Главные территории, которые когда-то были Ассирией, находятся недалеко от того места, где встречаются современные Турция, Сирия и Ирак, в изгибе огромного высокогорного Антитаврского хребта, который связывает турецкие Таврские горы на западе с иранскими Загросскими горами на юго-востоке. Узкие долины у подножия гор сбегают к широкой равнине, которую арабы называют Эль-Джазира («Остров»). Через нее с севера на юг течет река Тигр – быстрая, протекающая по глубокому руслу и более опасная река, чем «ее сестра» – река Евфрат, до которой отсюда 400 км на запад, хотя обе они подходят близко друг к другу в горах и снова соединяются вместе незадолго до впадения в Персидский залив.

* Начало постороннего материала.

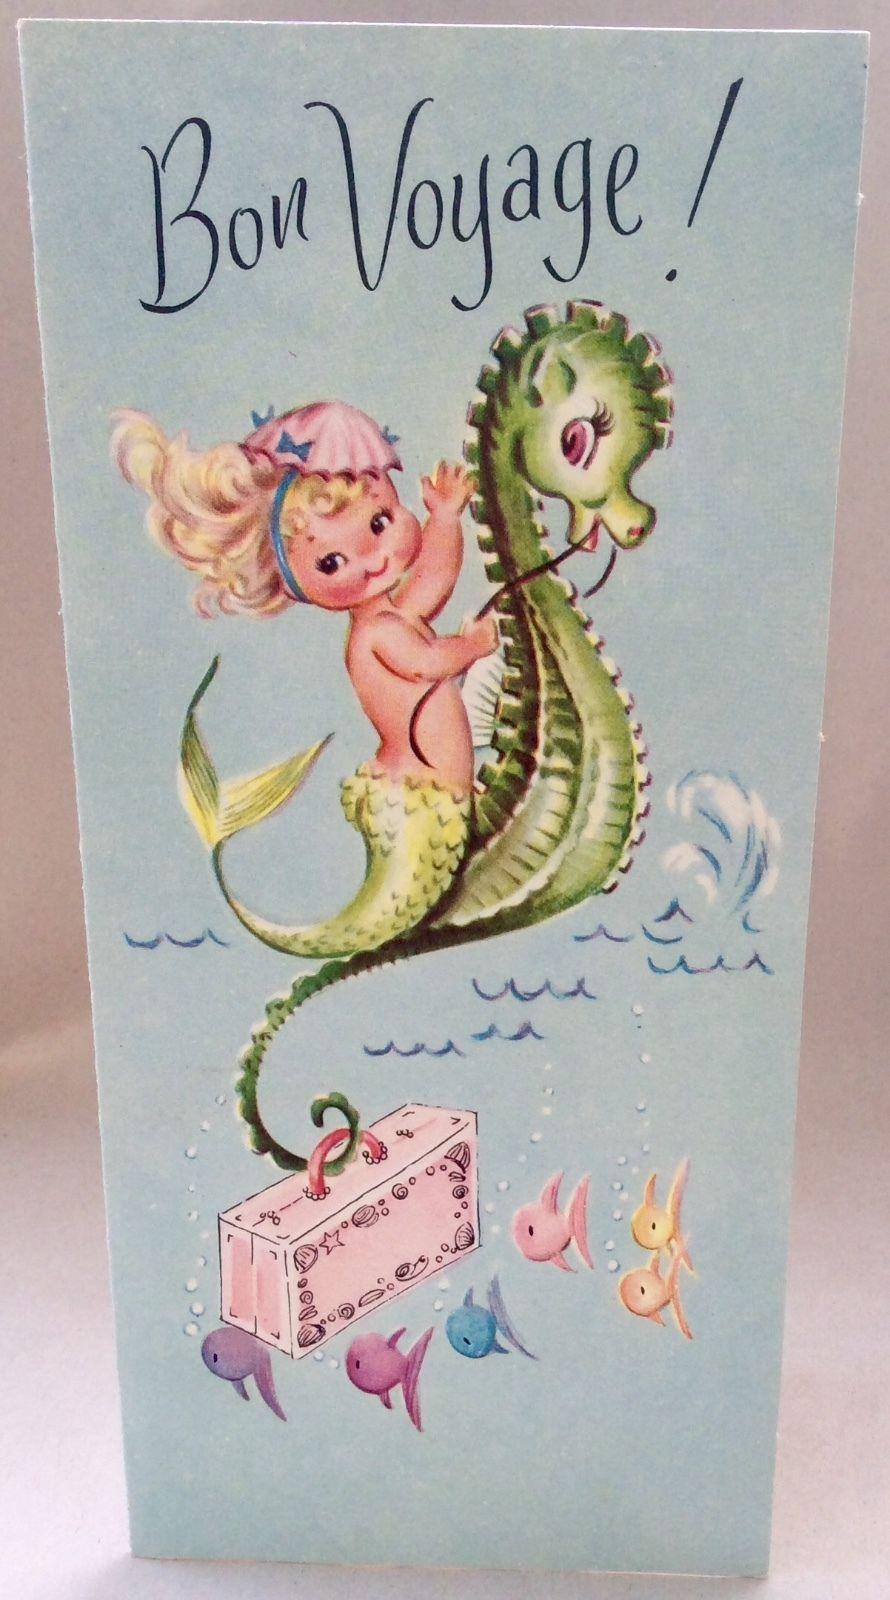 Httpebayitmunused adorable mermaid seahorse pink unused adorable mermaid seahorse pink suitcase vintage bon voyage greeting card in collectibles paper vintage greeting cards unused vintage kristyandbryce Image collections

За пределами равнины на юг простираются пустыни, а на запад – иссушенные степи, но большая часть самой Джазиры прячется под важной 200-миллиметровой изогнутой линией – границей, за которой количества ежегодно выпадающих осадков достаточно для развития сельского хозяйства. Так, в отличие от Вавилонии ассирийским землепашцам не нужно было постоянно предпринимать коллективные действия, чтобы на их поля постоянно текла вода; они не знали эту настоятельную необходимость совместного труда по рытью и содержанию каналов, дамб, плотин, запруд, протоков и шлюзов. И хотя позднее ассирийские императоры действительно приказывали копать акведуки, каналы и тоннели, чтобы провести воду с гор к новым основанным и разросшимся городам, это были проекты для поднятия престижа – скорее роскошь, нежели необходимость.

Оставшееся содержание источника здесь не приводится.